Indeed, one of Moses' last acts was to chew out the victors in the war against Midian just before entering the land, because they had brought back captives! They were made to kill all males and any female who had relations with a man (which in pagan cultures was typically very young).
Joshua, having been Moses’ lieutenant for almost the last forty years, mirrors his leadership. Further God, apparently wishing to indoctrinate this new generation with the same type of miracles shown their fathers, mirrors the exodus. The last generation were held back by Pharaoh, who was destroyed by God. This generation was held back by the faithlessness of their fathers, who were now gone. The crossing of the sea on dry land has counterpart in crossing Jordan at flood stage on dry land. Both leaders sent spies; and while only two of Moses’ spies were faithful, Joshua only sent two faithful men. And in Joshua as in , the entire nation of Israel is exhorted to act as one in trust and obedience to the God that both this new generation and their fathers make covenant with.
Both Moses and Joshua were types of Yeshua. Joshua’s name was changed to directly reflect this:
Numbers 13:16 (ESV) These were the names of the men whom Moses sent to spy out the land. And Moses called Hoshea the son of Nun Joshua.

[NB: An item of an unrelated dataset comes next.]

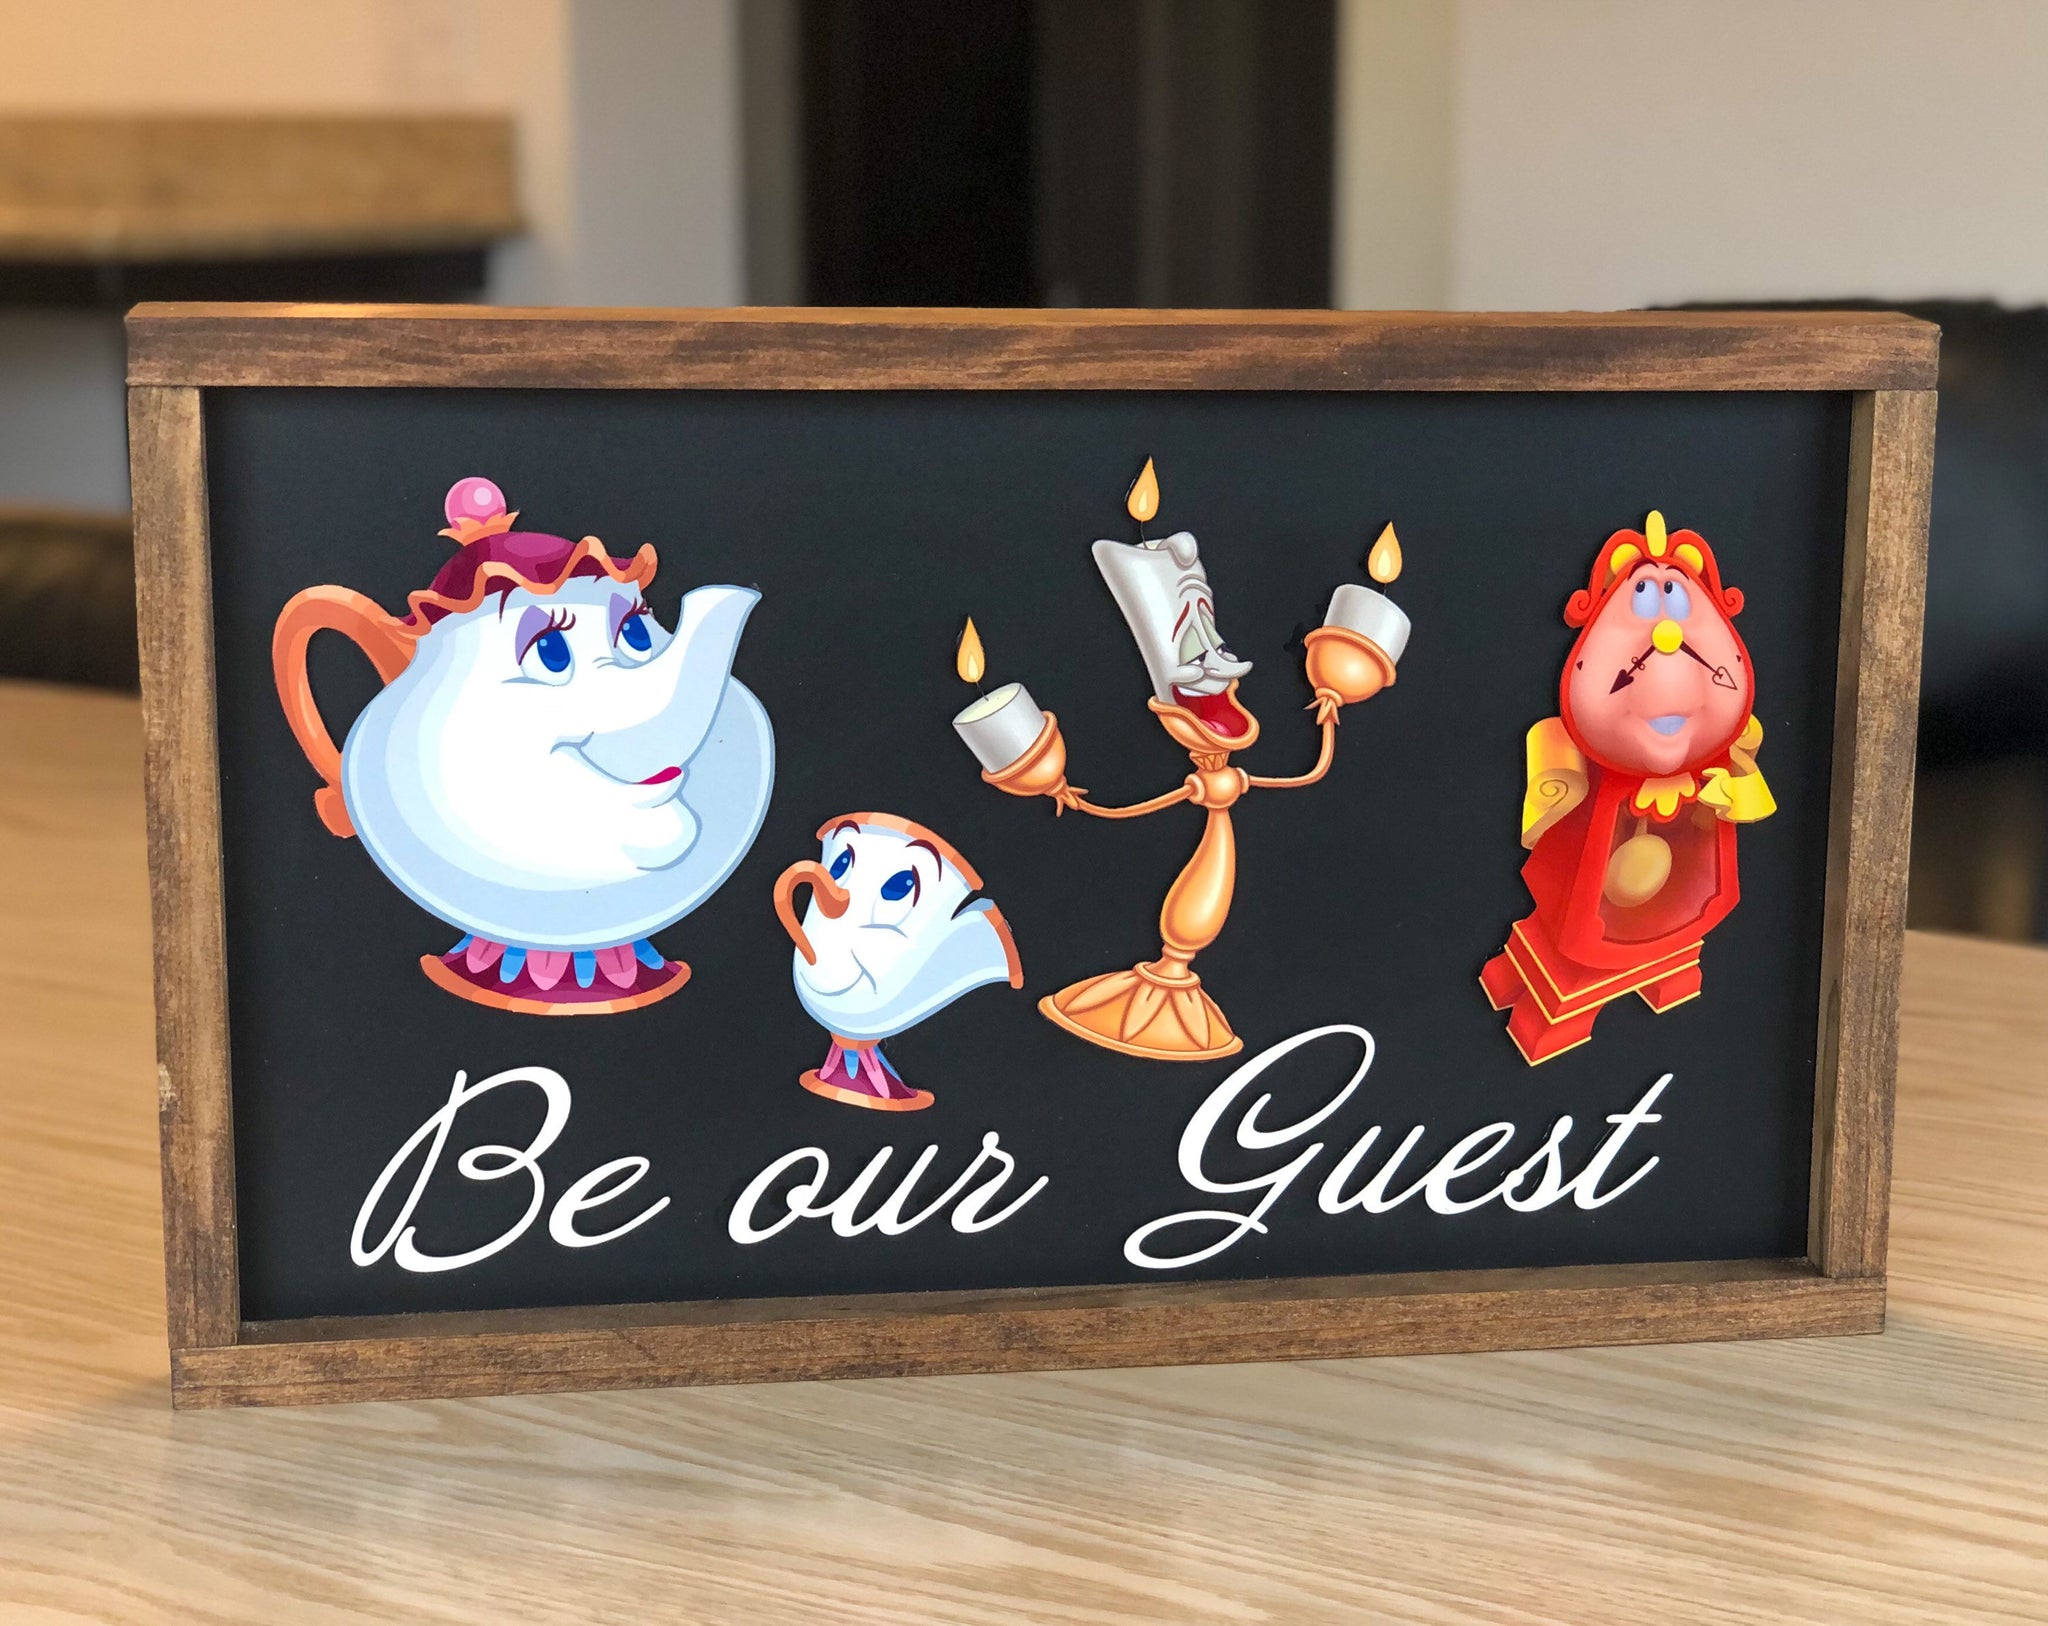 Be our Guest Disney inspired home sign, Disney Home Decor, wedding dec –  D2stobbDesigns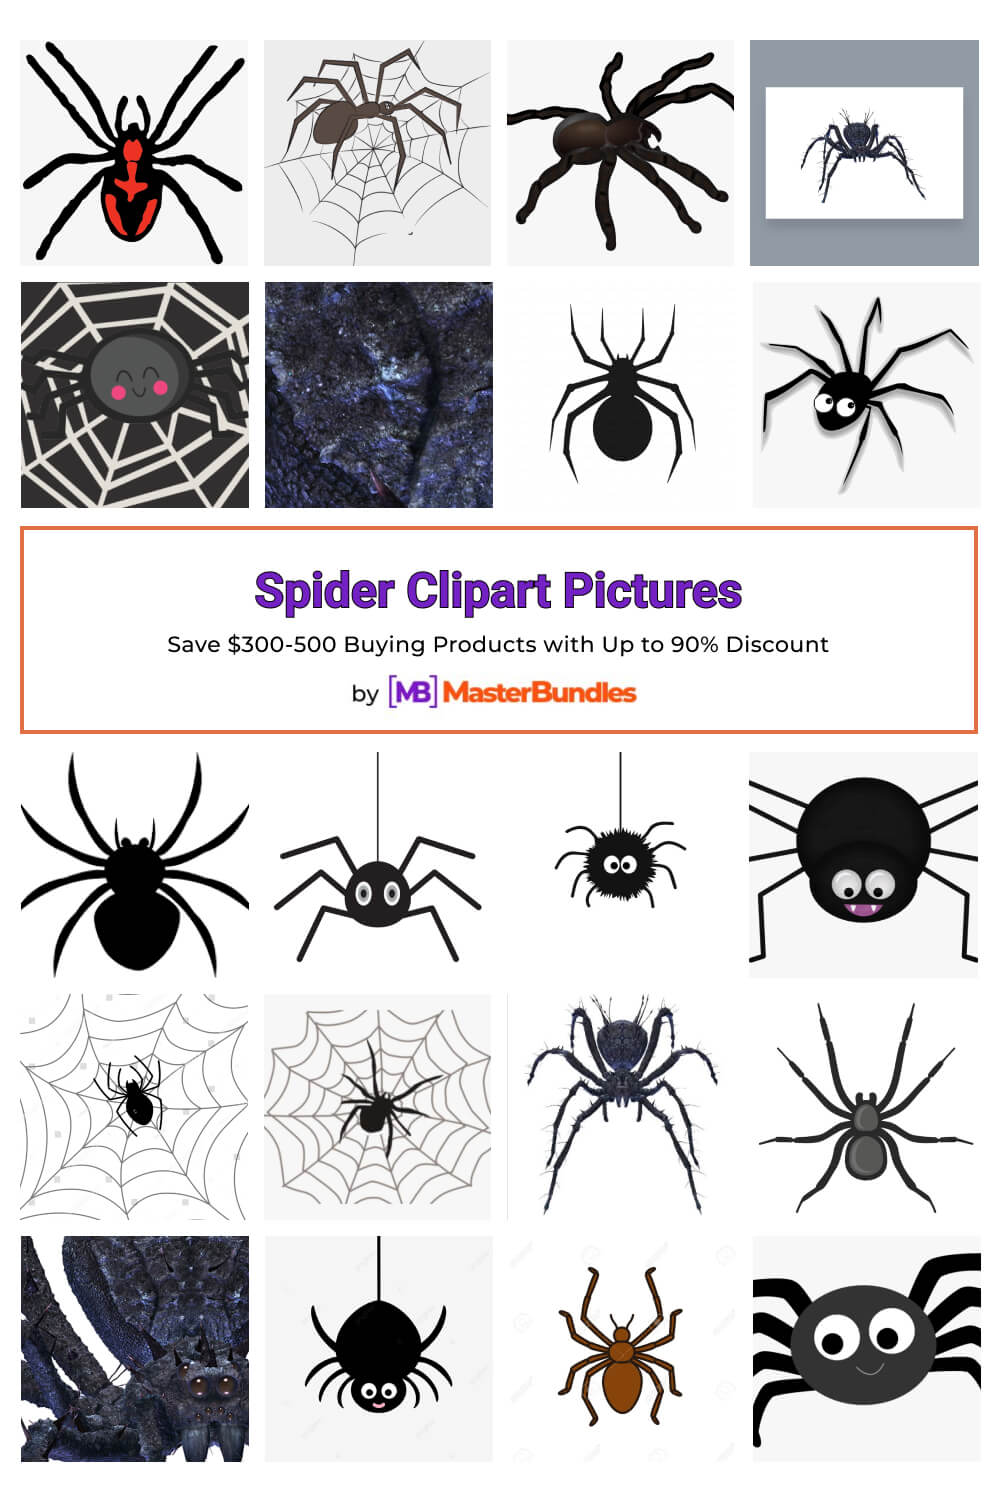 spider clipart pictures pinterest image.

The change was from הושֵׁעַ (Hoshea, help or salvation) to יְהושֻׁעַ (Yehoshua, YHVH saves). ישוע Yeshua (salvation) is a shortened form of Yehoshua and an alternative form of Hoshea.
It is thought by scholars that Joshua lived aproximately twenty years in Egypt, forty in the wilderness and fifty in the promised land before his death at 110 years old.
Joshua 24:29 (ESV) After these things Joshua the son of Nun, the servant of the Lord, died, being 110 years old.
His life and the book which bears his name show how the faithful are rewarded, the faithless denied, the wicked expelled and that God keeps His promises; specifically here the ones reiterated to Abraham, Isaac and Jacob.
Dan C
Sources: JPS Study TNK, The Essential Bible Commentary, EB Meyer, Bible History (Edersheim), and various forwards to the book in contemporary Bibles. My father, Pastor Bill Best and others.
(*) hortatory- hor·ta·to·ry (hôr′tə-tôr′ē, -tōr′ē) adj. Marked by exhortation or strong urging: a hortatory speech.
I had to look this one up myself when I read it in the notes in my JPS TNK; but I liked the word, so I decided to impose it on you as well!